Take “Car Confessions,” an incredible single that plays like a fitting outro, but finds itself in the middle of Herstory. The production is triumphant, and the writing is poignant. Her delivery sounds believably wounded with undercurrent confidence. Isolated, “Car Confessions” is one of M.A’s most robust offerings. We can only reason M.A was so attached to the track—for a good reason—she couldn’t bear to part with it. The result is a potent, must-hear song woefully out of place.
Perhaps this is the most exciting thing about Young M.A’s release: We forgive her mistakes because she convinces us to do so. Her stream-of-consciousness flow knows no bounds and coils around us. Each bar has a buttery quality. On tracks like “PettyWap” and “Smoove Kriminal,” we can easily imagine M.A hearing herself played back, smirking, and going in for another cut.
Take “BIG,” and how M.A plays with space on the cut. We find ourselves falling into every breath she takes, every pause. Or the loose notes of “Da Come Up,” which drip down and sparkle. Look at the runtimes of the tracks themselves—only one song is under two minutes. In the streaming era, this feels like a monumental feat.
And yet, Herstory is an album of indulgent moments that struggle to come together in the traditional understanding of a debut album. The difficulty in understanding this record comes by admitting there are no failures on the album. It’s impossible to walk away from Herstory without an incredible impression of Young M.A’s rap ability. Her poised penmanship and humor allow her to maintain the coveted New York crown. Listen to her spit on “Crime Poetry.” Listen to the gusto. Her vocals sound as if they’re about to burst from bossing up above her pain. There’s a natural snarl to her delivery we cannot get enough of. Young M.A is the sauce. We dip.

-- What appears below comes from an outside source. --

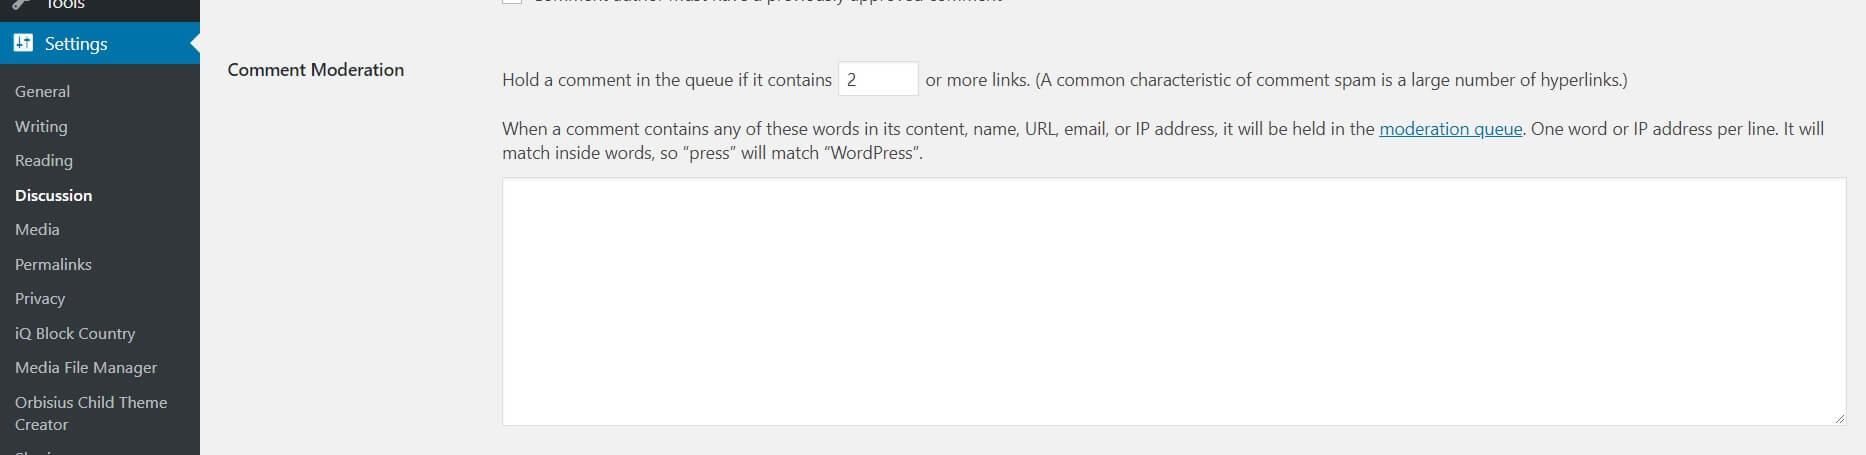 WordPress' Comment Moderation settings

Her independence, too, is a sign of her indulgence for the better. Label-free, this album is proof M.A is leading her charge. It’s wonderful to hear a free artist make the music they want to make, even if a label presence may have resulted in a more concise debut. But who knows what the label would have cut. What if we lost the swagger of “RNID,” or the woozy “Bipolar”? What if M.A, feeling the pressure of being on a major, didn’t rap with her slack flow, tumbling over us like an avalanche of the smoothest syllables? Could we afford to lose that in the name of concision?
For those of us—myself included—asking for a shorter album, more oversight, and the like, have we considered these things might stand to undo the magic of Young M.A? Listening to the album, speaking with peers, and reading reviews, I’ve concluded the indulgence of Young M.A’s work is the magic. To edit that energy in any way would dull the work. This position is not a tirade against critique, but a realization that our critiques fundamentally misunderstand Young M.A’s style.
Young M.A’s self-indulgence makes Herstory in the Making a memorable album. We remember it for its flaws as much as we remember it for its successes. The bugs become the features. The flaws are the album. To adore Herstory and Young M.A is to be indulgent with her and to accept that her faults are her. The victory of the album—and Young M.A’s career—is that it lasts in our minds.
To edit and have a take, we’ve forgotten to take in the music and indulge ourselves. On Herstory in the Making, Young M.A is permitting us to do so; to bask in the glory of great writing and even greater spitting. Young M.A is the sauce, and we just ordered some to-go.